Data visualization, which is, of course, our bread and butter, can be handled by TikZ natively, but I prefer to use pgfplots, which extends TikZ with data plotting environments that are more feature-rich. I will say pgfplots is sometimes a pain to use. But it's the best you can do, so learn it. You will need a local copy of the manual, and Google (i.e., StackOverflow) is also very much your friend as soon as you want to do something exotic.

Bibliography

biblatex with the biber backend deprecates everything that predates it, i.e., bibtex, natbib. The main reason why biber is vastly superior to bibtex is native UTF-8 support. However, lots of journals need the bibliography to be submitted in a certain way, and virtually none of them have caught up. For the time being, we sometimes have to resort to bibtex-compatible bibliography data to make journals happy.

Other recommendations

  • Don't use plain-TeX artifacts like \def, \rm, etc.

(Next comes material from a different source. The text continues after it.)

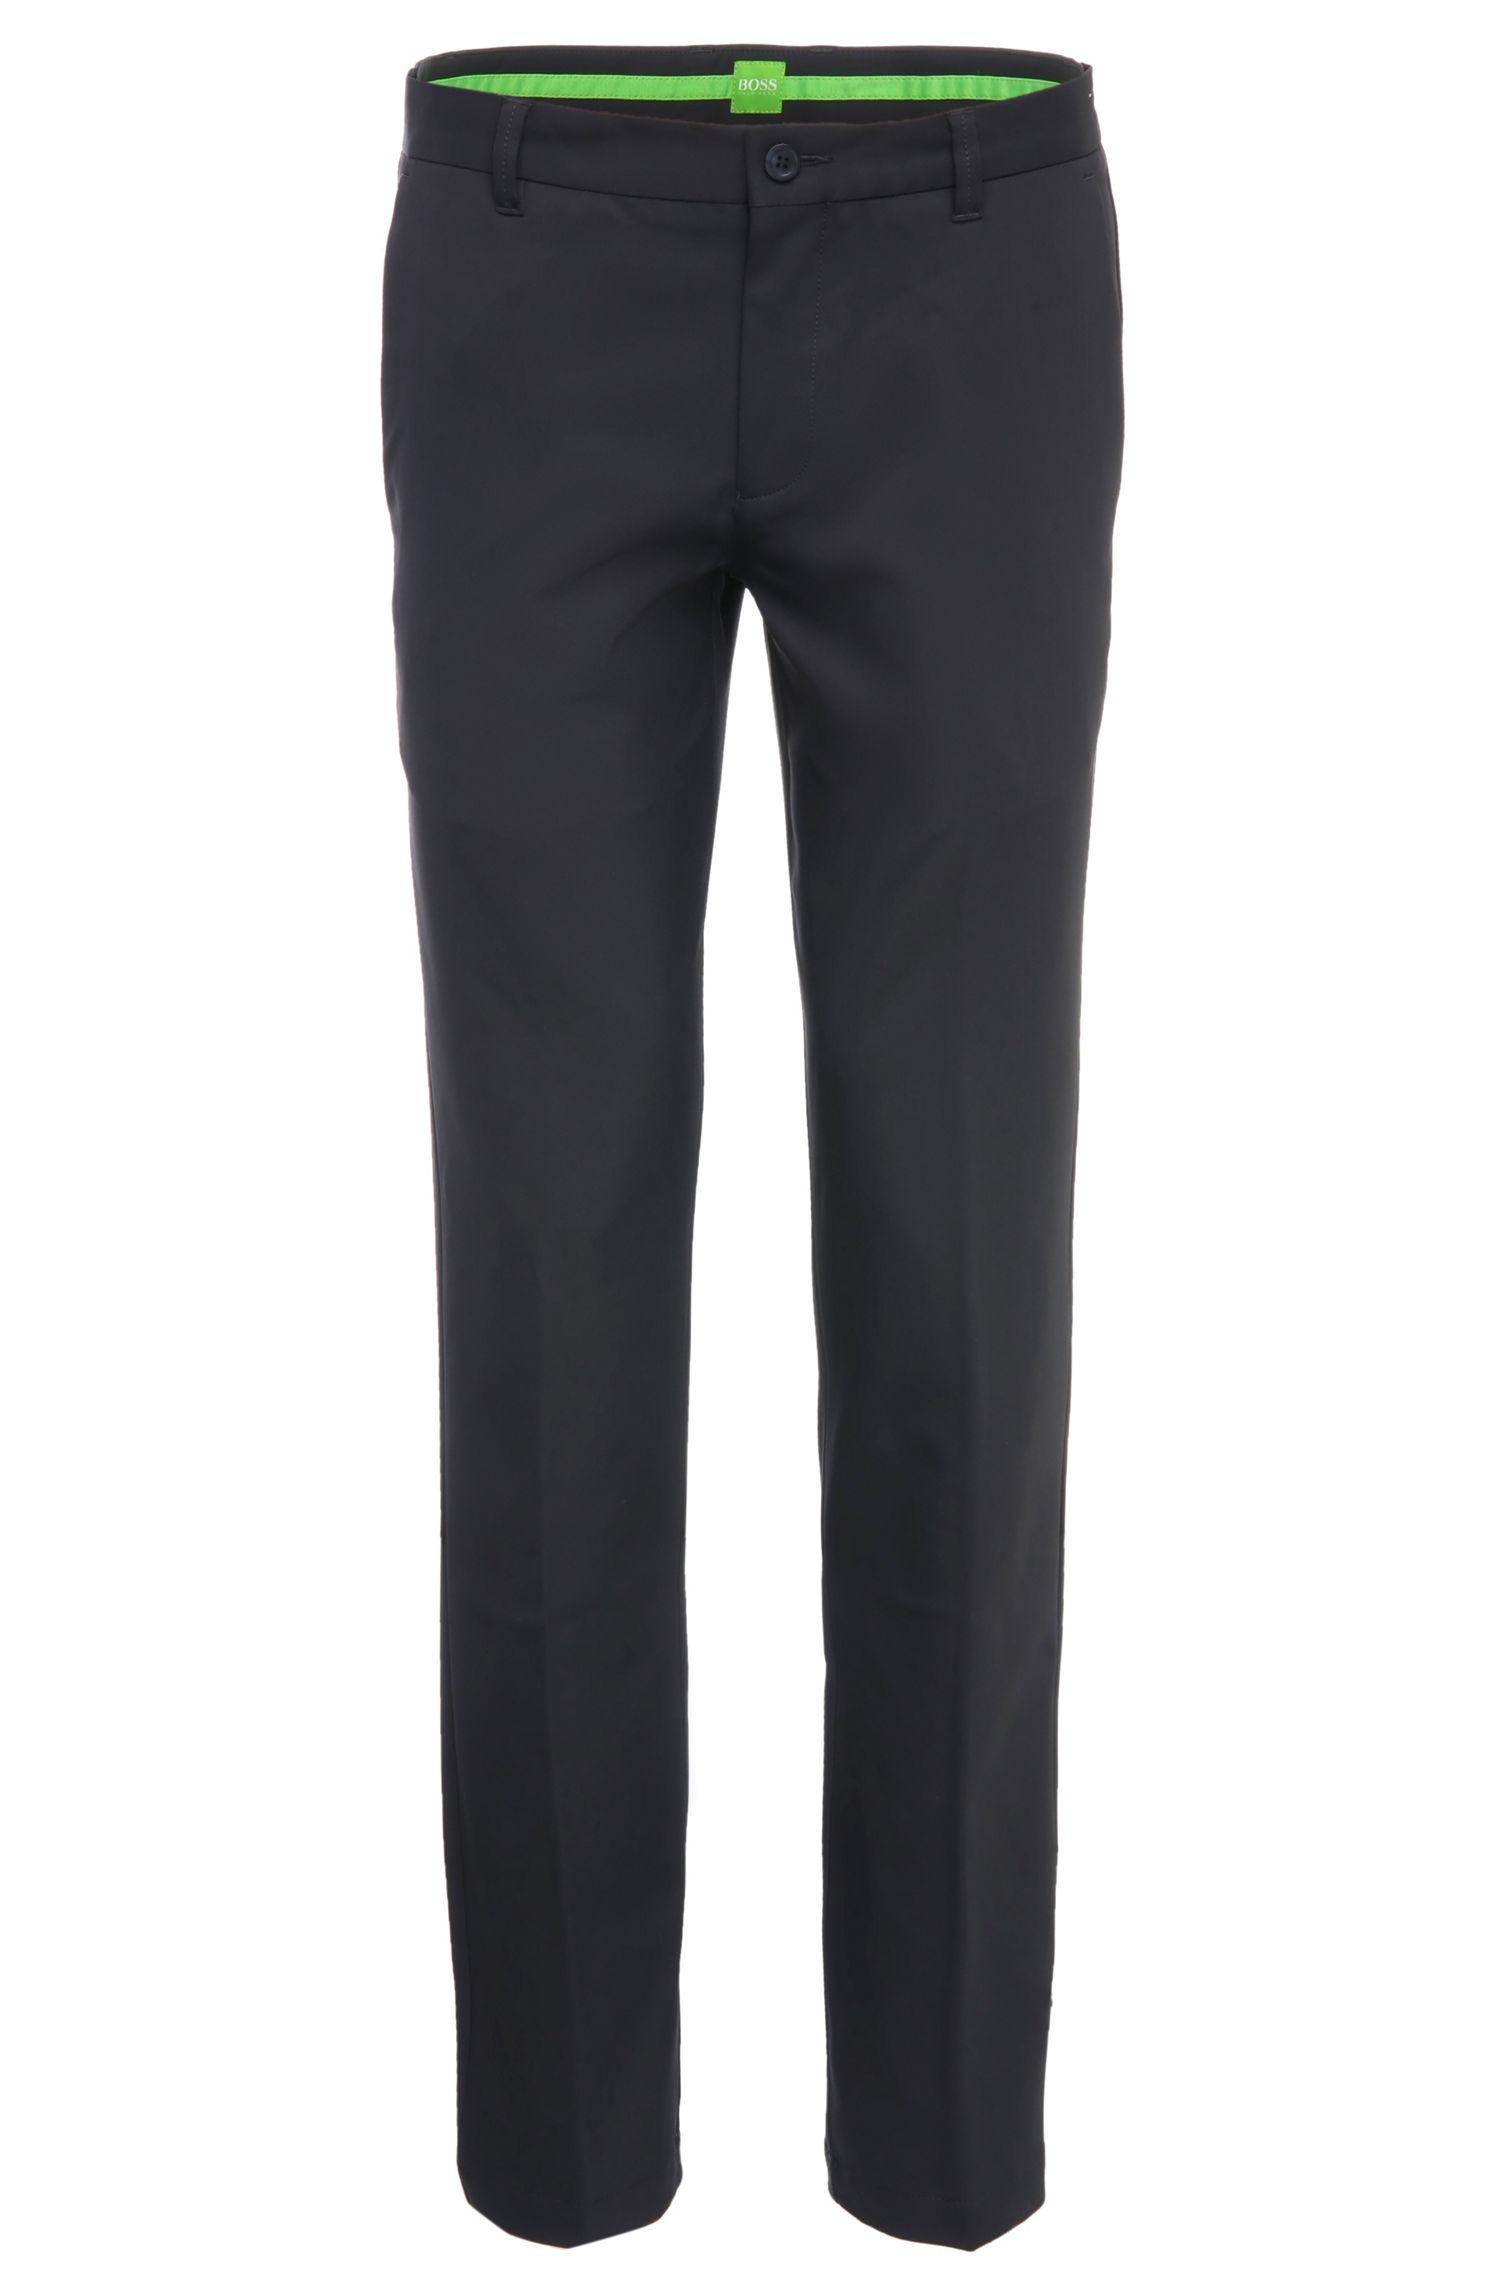 'Hakan-Slim' | Slim Fit, CoolMax Performance Golf Pants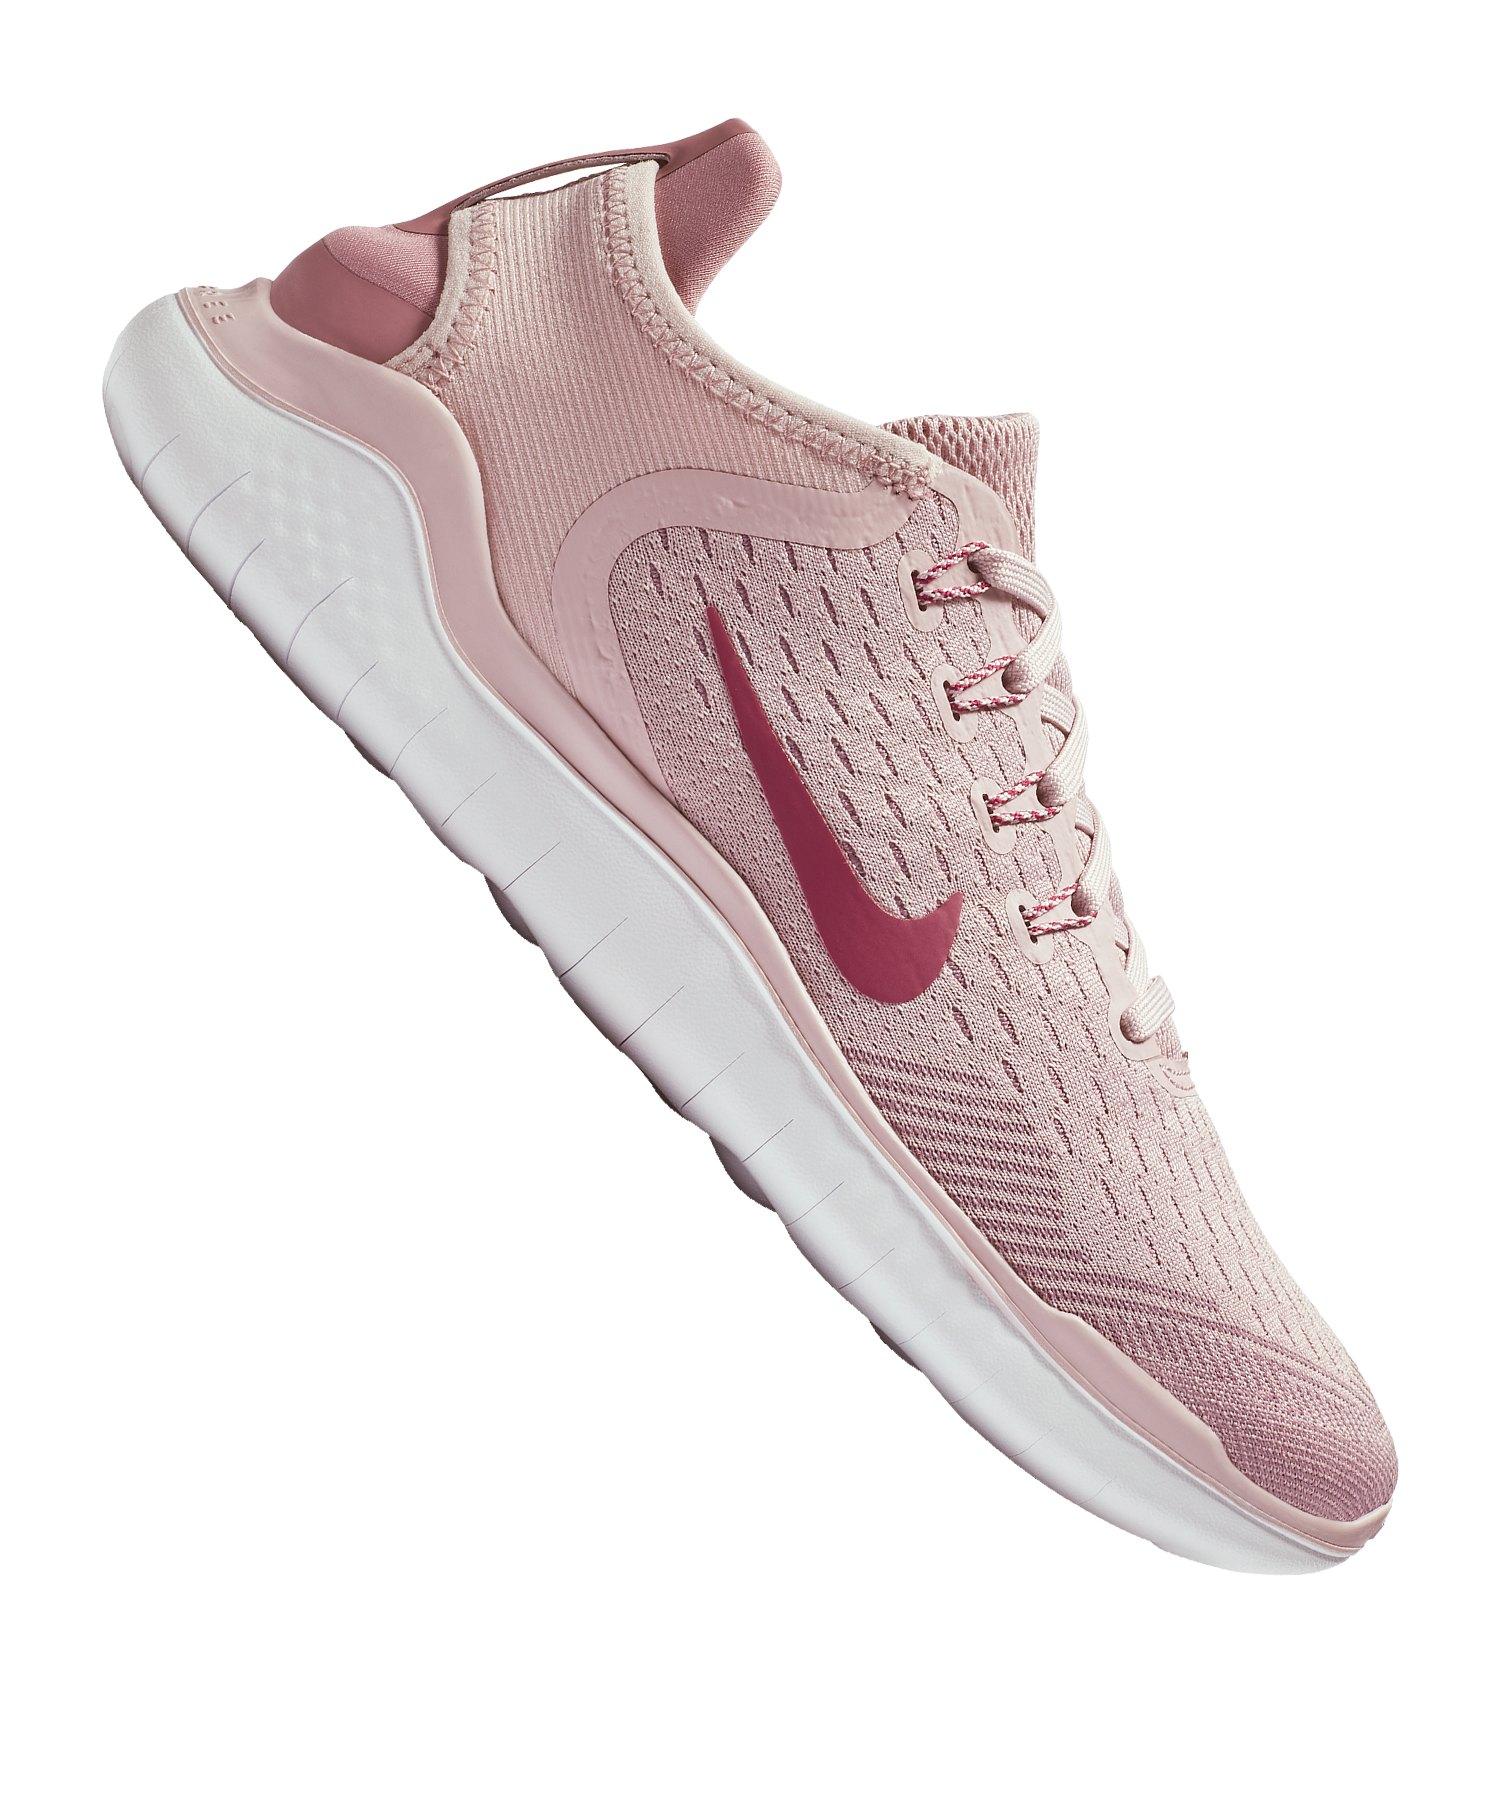 Nike Free RN 2018 Running Damen Rosa F500 |Laufschuh | Lauftraining ...

Prefer LaTeX equivalents because they are more robust and compatible.
  • Always use LuaLaTeX, not PDFLaTeX, mainly for reasons of native UTF-8 support, but also relieved memory limits etc. Ditch inputenc and fontenc; they are not needed with a UTF-8 engine (and can even cause problems). The future belongs to OpenType fonts, which can be used natively with fontspec.
  • The ancient way to encode diacritics and other special characters (e.g., \"a) should never be used. UTF-8 encoding combined with modern fonts takes care of everything. This is still true for T1 fonts if you prefer them.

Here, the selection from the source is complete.